I didn't say that. If you want I can dig out a quote about the future being born in pain. Alot of things are difficult. But don't make them more difficult on yourself then need be. I'm for letting things happen naturally. Be confident in yourself and be nice and friendly, girls will approach you. Yes, it happens and its happened to be alot lately. Don't be so focused on change and what you need to do, be calm and focus on what your strong points are. That makes us our best selves. And when we are our best selves, things naturally work out better and improvement occurs without all the added pressure and discomfort. I've improved in numerous ways, and I've done it, amazingly, by not trying and just expanding on the great qualitites I already had.

 

Seeing that you're "already a great person" is a self delusion. It will make you feel better, but only so much. You need to strive to BE a great person instead of thinking you are one.

 

But we are already great people. We aren't perfect and we can improve on certain areas. But if you just focus on improving those areas, you can begin to feel like your never good enough which lowers confidence and makes you worse off. Starting with seeing all the great things about you enables you to hold on to confidence and realize that those flaws are minor compared to the whole picture, that you don't need an overhaul but just a touchup.

 

"Ment to be"? Are you sure about this? Are you willing to stay passive because you believe things were "ment to be"? Or do you want to DO something about it?

 

Of the real friends I have, I never had to do anything other then be myself. Of the girls that have taken an interest in me, all I've had to do is be myself. The natural course of events have always worked out best for me.The times when things haven't gone well has been when I've tried to make something happen or when I've been so nervous that I didn't flow with my natural ways.

 

If you want to have girls, you should talk to girls, and date girls. It's just like with everything else. The more prospects you have, the less you will think about your crush.

 

What's your goal?
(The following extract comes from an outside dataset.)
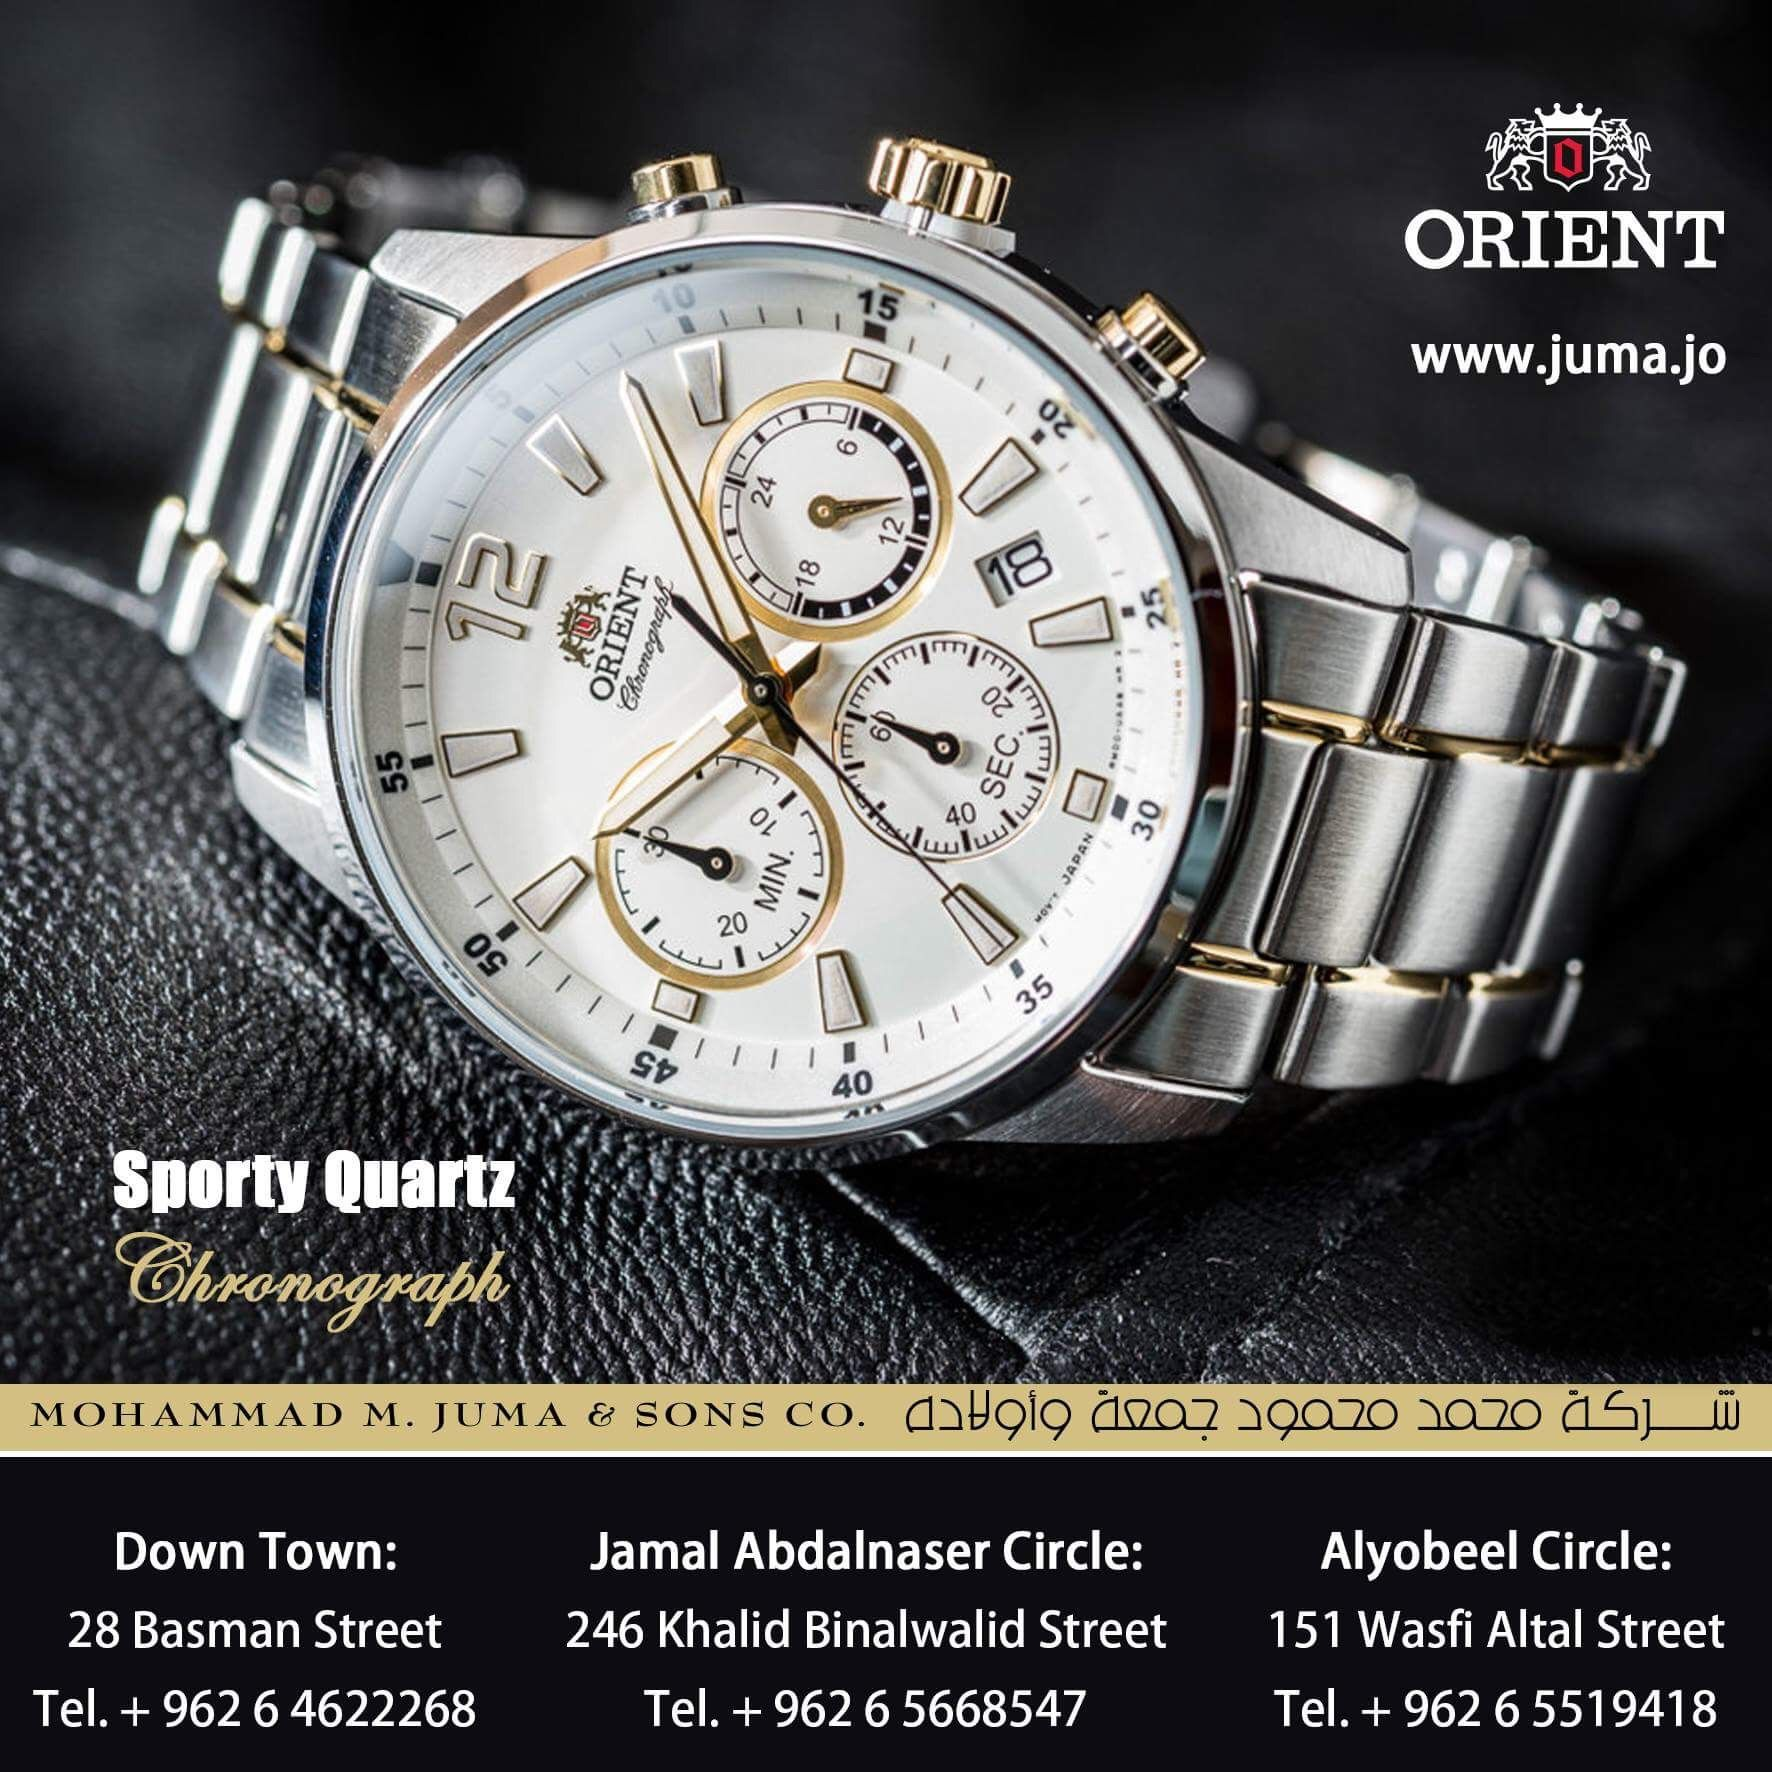 Pin By Fredi Sugianto On Watches Orient Watch Quartz Watch Wrist Watch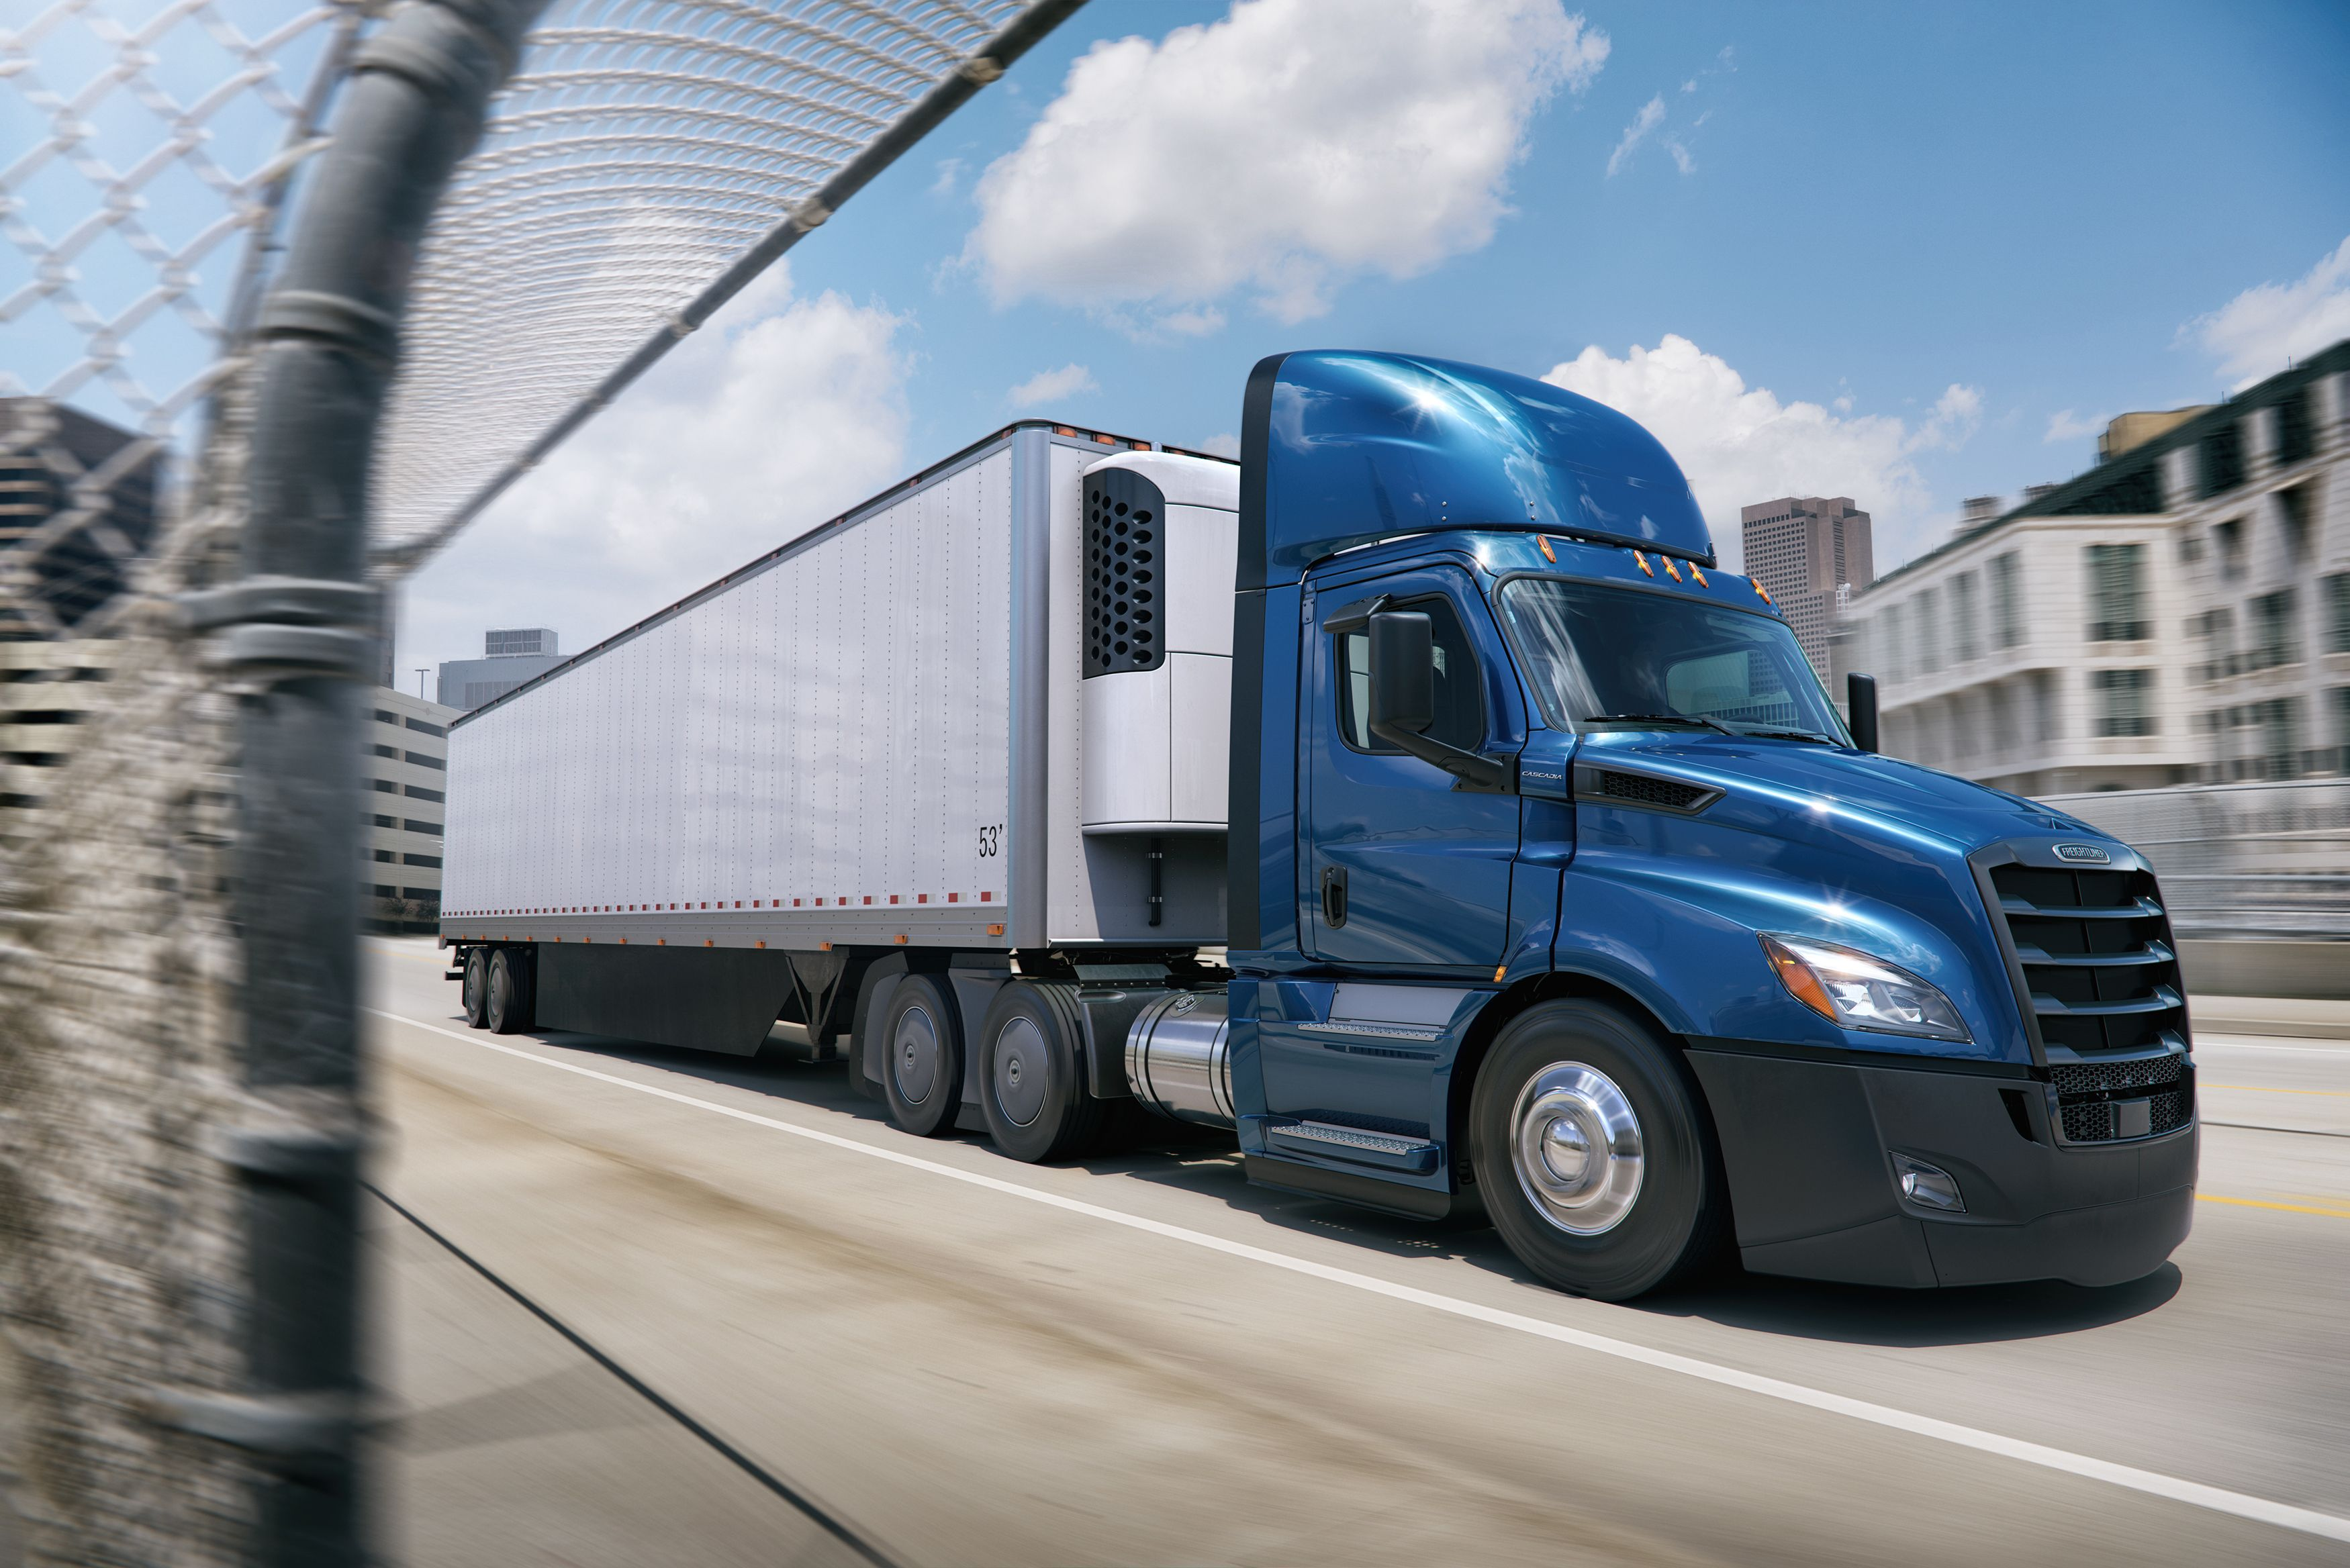 2017 Freightliner Cascadia Freightliner Trucks

To have girls? Or to have a relationship with one special girl. You can talk to and date a dozen girls, doesn't mean it will work. On the other hand, I know people who married and are still married to the first person they dated. So numbers mean nothing.

 

And despite a half dozen girls showing interest in me, my interest in one specific girl has only grown. I've got prospects, but thats not what I want. I want to be with her, and all the other girls just serve to help me realize who I really want.